One year today. Wow.
There are moments that I forget you are gone.
Like when I seek to phone my brother, but dial six of the
seven digits of your phone number
instead, so strong is that muscle memory of dialing the house line for decades.
There are moments when I forget you are gone.
Like when your granddaughter sticks her tongue into her
cheek in a moment of intense concentration, and I think, ‘I must remember to
tell mum how much Heidi looks like her when she does that’.
There are moments when I forget you are gone.

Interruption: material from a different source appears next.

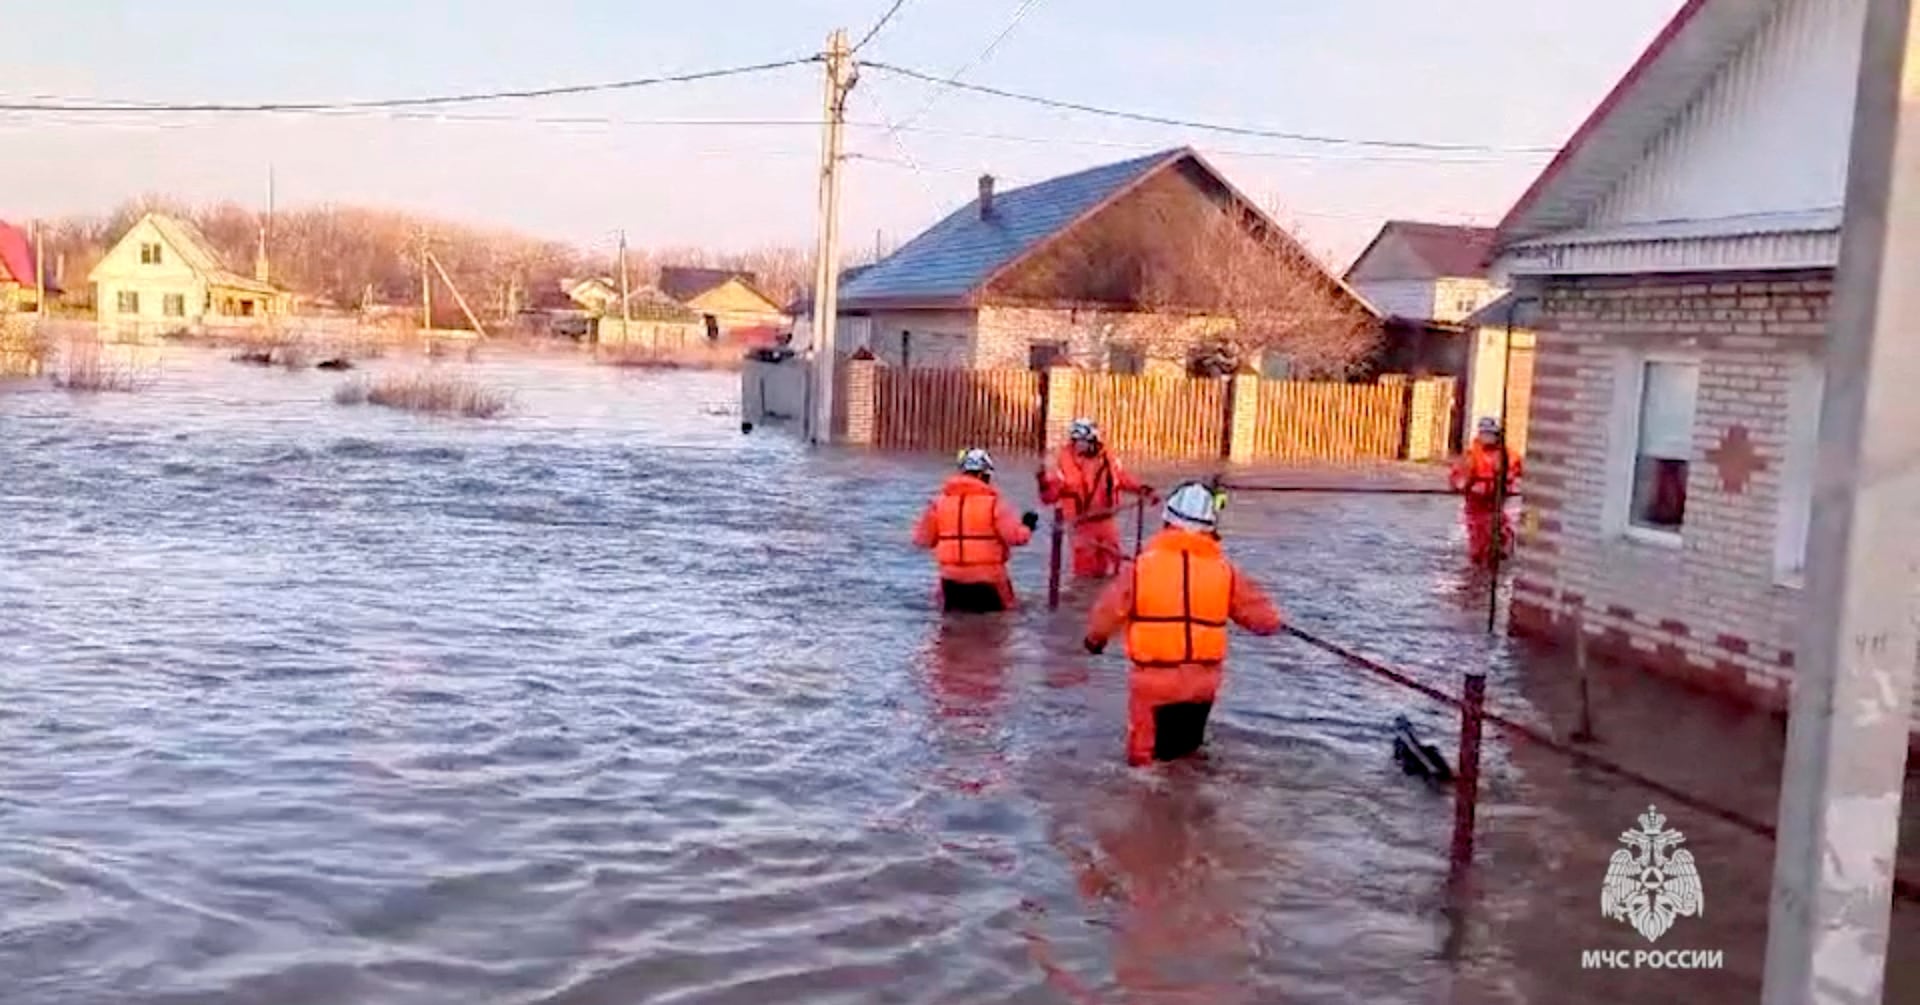 ロシア大規模洪水、一部被災者が地元当局の対応の鈍さに抗議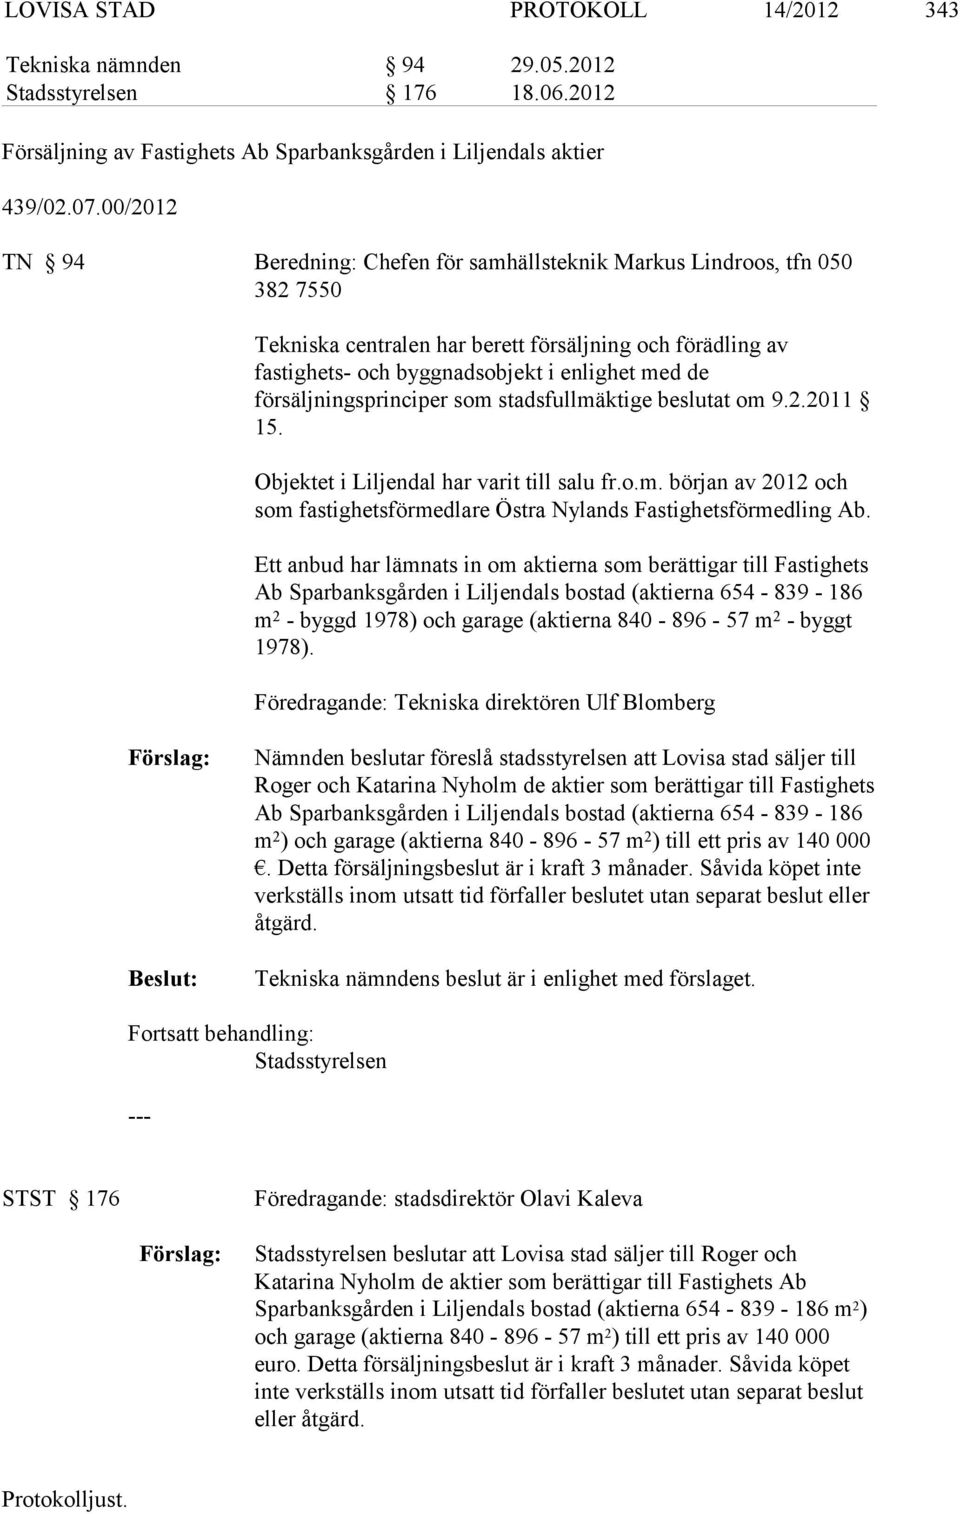 försäljningsprinciper som stadsfullmäktige beslutat om 9.2.2011 15. Objektet i Liljendal har varit till salu fr.o.m. början av 2012 och som fastighetsförmedlare Östra Nylands Fastighetsförmedling Ab.

Like when the kids hit a milestone and I wonder about when I hit that milestone myself as a child, and I have an impulse to email you
about it, or call, or get on Skype.
But in all those moments, I do snap to the realization that
you are not here. I know it’s true: last year on this day, I held your hand as you
confirmed your departure.
But in all those moments of remembering that you are not
here, I realize, that in fact, you are still here.
In the ends of my fingertips, in the face of my kids, in my
deeply ingrained memories, you are still here.
And always will be.
4 comments:
Oh. Stu. Thank you for this. Weeping today, and knowing that she IS here. Love you so much.
Thanks Tara :)
So well put. I think about your mom on a regular basis and miss her and the huge role she has played in my life. Most recently on the weekend when I put on my suit and found the program from her memorial service in my inside pocket. Some how I can't bring myself to take it out. There is comfort in knowing that it is there on special occassions, that she is there on special occassions. Lots of love your way.
two things, Doug:
1) You obviously don't wear suits very often :)
2) Thanks. I like hearing about those little reflections.